2 JANUARY 1959, Page 36

THE NEW MONETARY LOOK

By NICHOLAS DAVENPORT

The position in Paris before Christmas was so fantastic—so it seemed to me on a brief visit—that one felt certain that either farce or tragedy was bound to be enacted. But which? The negotiations over a free trade area, which had broken down, had been left to French officials who were not at the centre of power. They were madly insisting that France, who had broken all the OEEC rules for trade liberalisation, could really start up the Common Market of the Six and discriminate against the trade of the outside Eleven ! It was plain that unless she pulled herself together France was incapable of _being even a member of the Common Market. It was an hour of decision and the General accepted it without flinching—though that cannot be said of some of his Ministers. He told his people over the radio to face the truth. 'I have taken the decision to put our affairs in order—reellement et profondetnent:

So the franc has been devalued by 171 per cent. and made convertible for foreign holders, taxes are to be increased, subsidies abolished, the budget deficit reduced by half and trade with all members of the OEEC liberalised up to 90 per cent. It was certainly a hard decision to take—the rise in the cost of public services (railways, gas, electricity, etc.) will cause real hardship—but it enables France to take her place in the drive for a Euro- pean trade recovery, it removes the threat of

immediate discrimination against the eleven out- side members of the OEEC, and it paves the way for a working arrangement between the free-trade eleven and the cartel-minded six. But whether it will stop the French inflation is very dubious. The budget deficit is still—after the cut—about 600,000 million francs and as long as the Algerian war goes on the economic recovery will be put off. At the moment there is a sizeable trade recession.

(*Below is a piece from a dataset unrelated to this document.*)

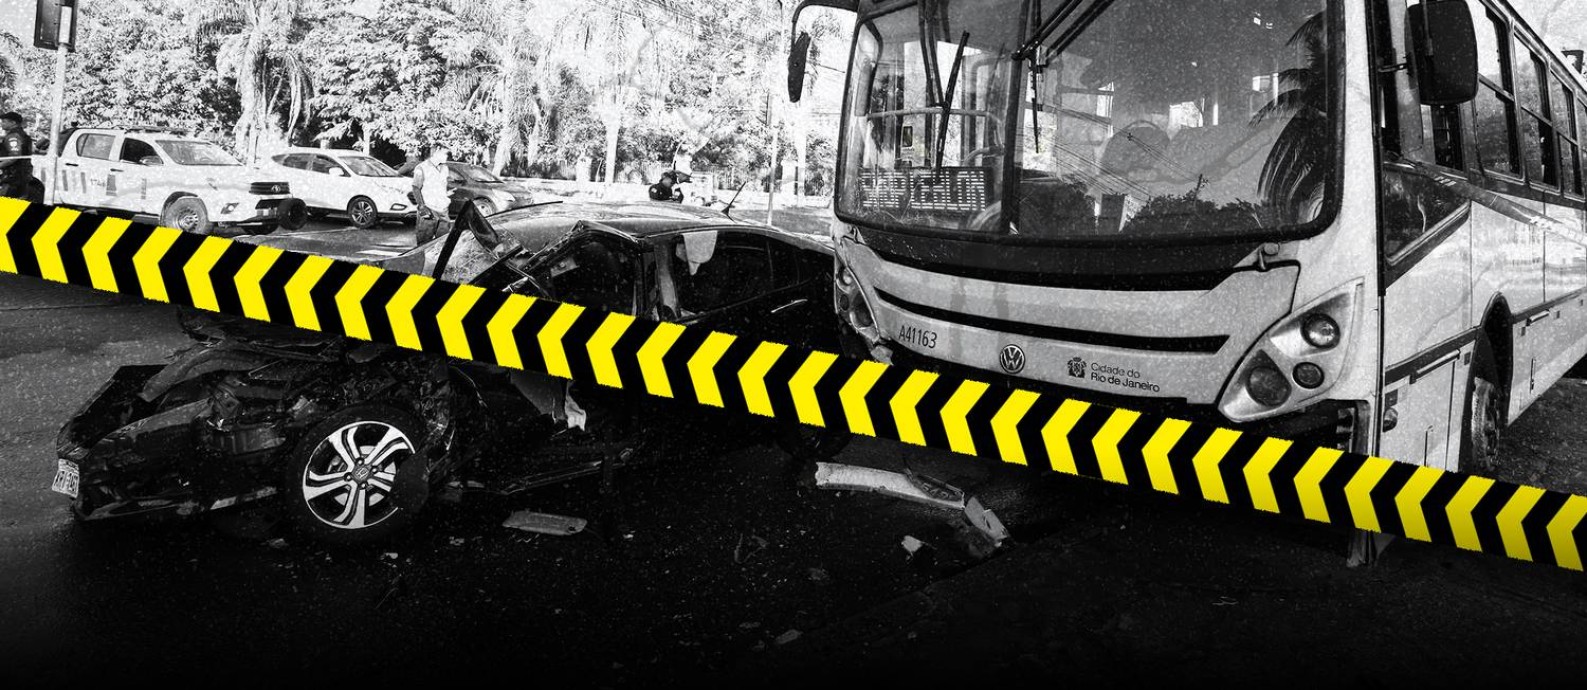 Brasil vive epidemia de mortes no trânsito Foto: Arte

Nine other European countries besides France are making their currencies convertible for foreign holders and it was clearly impossible for Great Britain to stand aside. The OEEC is preserved but the European Payments Union is abolished. This was already provided for in the European Mone- tary Agreement of 1955, which takes effect as soon as member currencies have been made convertible. I cannot, therefore, see how the Labour Party can now make any protest. One can regret the passing of EPU, as I do, but no more. Under the EPU rules differences were met at monthly settlements in gold and dollars but only up to 75 per cent., the balance being held as credit or debit. Obviously one could not allow debtor countries, now con- vertibility has come, to obtain dollars on the 25 per cent. credit basis at the expense of the gold and dollar reserves of creditor countries. The European Monetary Agreement, which now takes the place of EPU, provides for monthly settle- ments, but only on 100 per cent. gold and dollar terms. The payments will be made not at the middle point of the exchange rates as under EPU, but at 'the declared margins,' indicating that settle- ment will in fact be made through the ordinary exchange markets, not through the EPA. A Euro- pean Fund is to be set up with a capital of $600 million to provide members with short-term credits, but unlike EPU these credits will not be extended automatically but only at the discre- tion of the OEEC to help members in temporary balance of payments difficulties. Incidentally, large credits are being made available to France to help her carry through her economic reforms. This is being done through the Bank for International Settlements and the German contribution to the credit is to be £211 million. It may be regretted that the EPU system of credits has passed away but the new EPA agree- ment comes into force when the International Monetary Fund has agreed to raise members'

quotas by 50 per cent., which will increase the Fund's resources by $5,100 million, of which $2,300 million will be in gold and dollars. At the moment its uncommitted resources were only $1,500 million. The new EPA organisation is a branch of the OEEC and it will receive the sup- port of the IMF. It is not, therefore, expected that the European economy will be shorter of credit than it was under EPU. In fact, it is obvious that a big international effort is to be made to finance an expansion of European and world. trade. The threat of a world recession was serious enough.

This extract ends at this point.